La Settimana europea della mobilità a Milano prova a cambiare registro. Dal 16 al 22 settembre 2026, accanto agli appuntamenti tradizionali dedicati a biciclette, trasporto pubblico e pedonalità, arrivano i Mobidays, una settimana di iniziative promossa dal Comune di Milano e da Amat, in collaborazione con Clickutilities e Follia Creative Industry.
La sede principale sarà il Castello Sforzesco, ma il programma coinvolgerà anche i quartieri, con pedalate, camminate e laboratori. L’obiettivo dichiarato è portare il tema della mobilità fuori dal perimetro degli addetti ai lavori e trasformarlo in un confronto pubblico sulle trasformazioni urbane.
Un labirinto per raccontare il traffico
Nel Cortile della Rocchetta sarà allestito “Traffic Panic”, un labirinto interattivo ideato da Follia Creative Industry.
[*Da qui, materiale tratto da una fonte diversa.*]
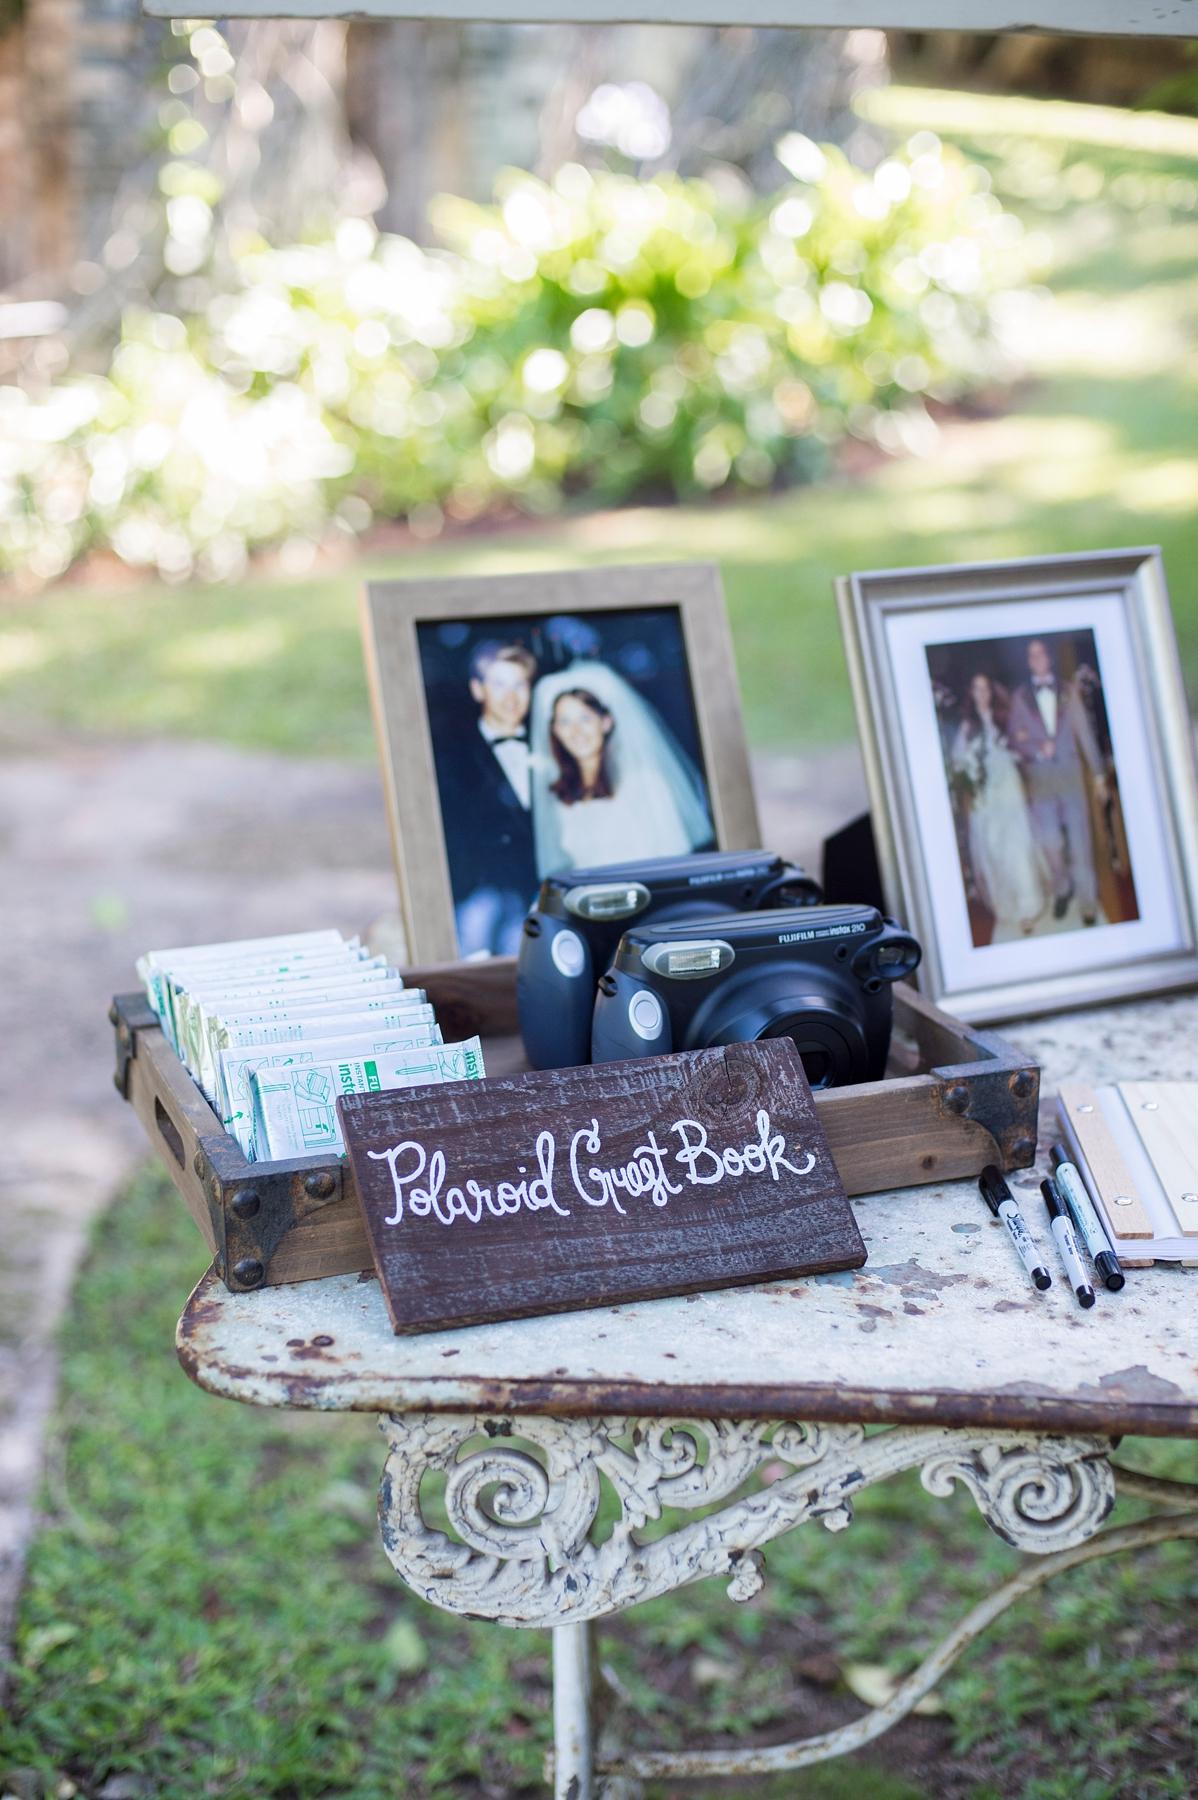 Attractive Nikki Matt Haiku Mill Wedding Trish Barker Photography Wedding Polaroid Guest Book Images Styles Ideas 2018 Polaroid Guest Book Baby Shower Polaroid Guest Book Table photos Polaroid Guest Book
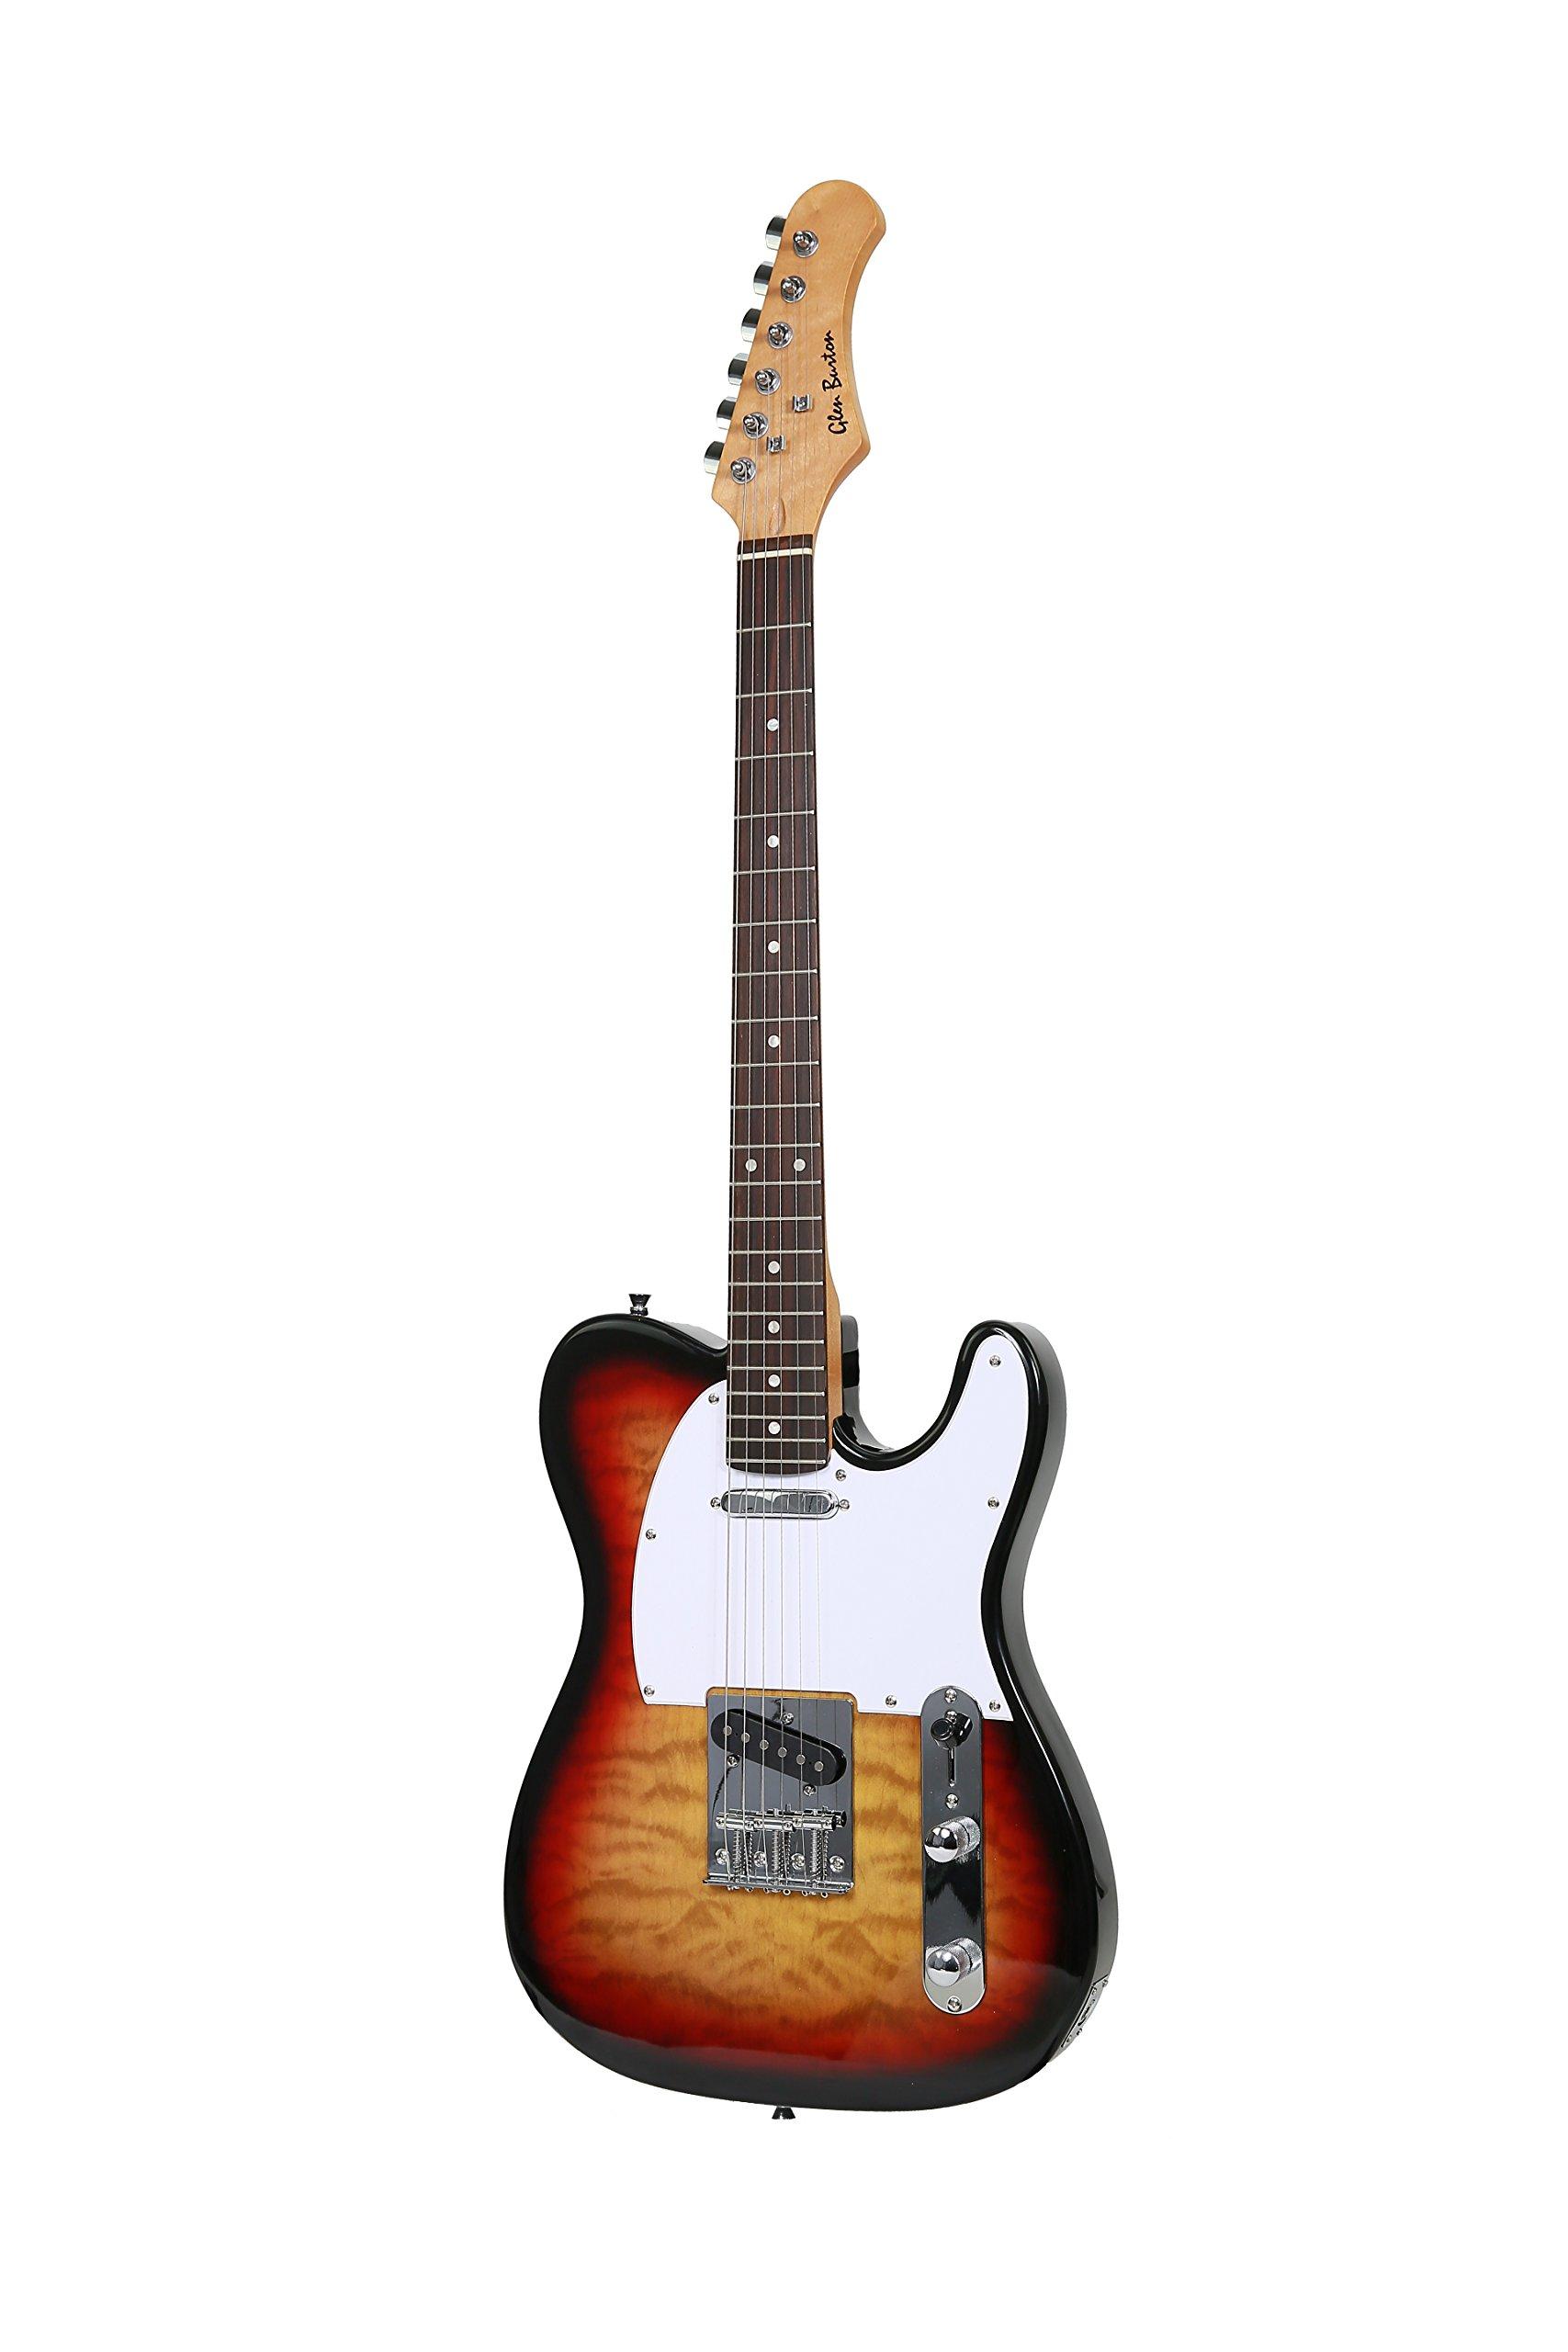 Cheap Glen Burton GE39-TLQ303-TS X-Series TL Style Electric Guitar Black Friday & Cyber Monday 2019

Il gioco riproduce, in forma accessibile, alcune delle dinamiche che governano gli spostamenti quotidiani e mette il visitatore davanti alle conseguenze delle proprie scelte.
È un espediente semplice, ma utile perché sposta la discussione dalla teoria alla percezione concreta: ogni decisione individuale contribuisce a costruire il sistema della mobilità.
Sempre al Castello sarà possibile visitare “La Rivoluzione Urbana”, mostra realizzata nell’ambito del progetto europeo deployEMDS. Il percorso mette insieme dati, immagini e progetti per raccontare il rapporto fra trasporti, tecnologia e spazio pubblico.
Poi ci sarà il Forum della mobilità, con incontri dedicati a pedonalizzazione, trasporto pubblico, ciclabilità, logistica e contrasto ai cambiamenti climatici.
Prima delle strade vengono le destinazioni
L’appuntamento più atteso è quello di domenica 20 settembre con Carlo Ratti, architetto e urbanista e direttore del Senseable City Lab del Mit. La sua impostazione introduce un elemento nel dibattito milanese: interrogarsi sulla domanda di mobilità prima ancora che sulle modalità con cui soddisfarla.
Il punto è particolarmente rilevante per una città come Milano, dove trasporto pubblico, automobile, biciclette, micromobilità, consegne e spostamenti pedonali convivono spesso nello stesso spazio urbano. Ragionare soltanto sulla velocità o sull’efficienza degli spostamenti rischia di lasciare in secondo piano una questione precedente: come sono organizzati i luoghi in cui viviamo, lavoriamo e accediamo ai servizi?
Dai grandi eventi ai quartieri
L’amministrazione presenta i Mobidays anche come occasione per fare il punto sulle trasformazioni già avviate. L’assessora alla Mobilità Arianna Censi parla di “tantissimi traguardi” raggiunti da Milano e della necessità di renderli più visibili e partecipati, coinvolgendo Municipi e imprese. Per Valentino Sevino, direttore generale di Amat, l’agenzia mette in campo “oltre 25 anni di competenze” sul tema.
La parte diffusa della manifestazione sarà altrettanto importante di quella ospitata al Castello. Associazioni, scuole e soggetti privati possono infatti proporre proprie iniziative da inserire nel calendario ufficiale. Il programma completo, compreso l’elenco dei relatori, sarà presentato all’inizio di settembre.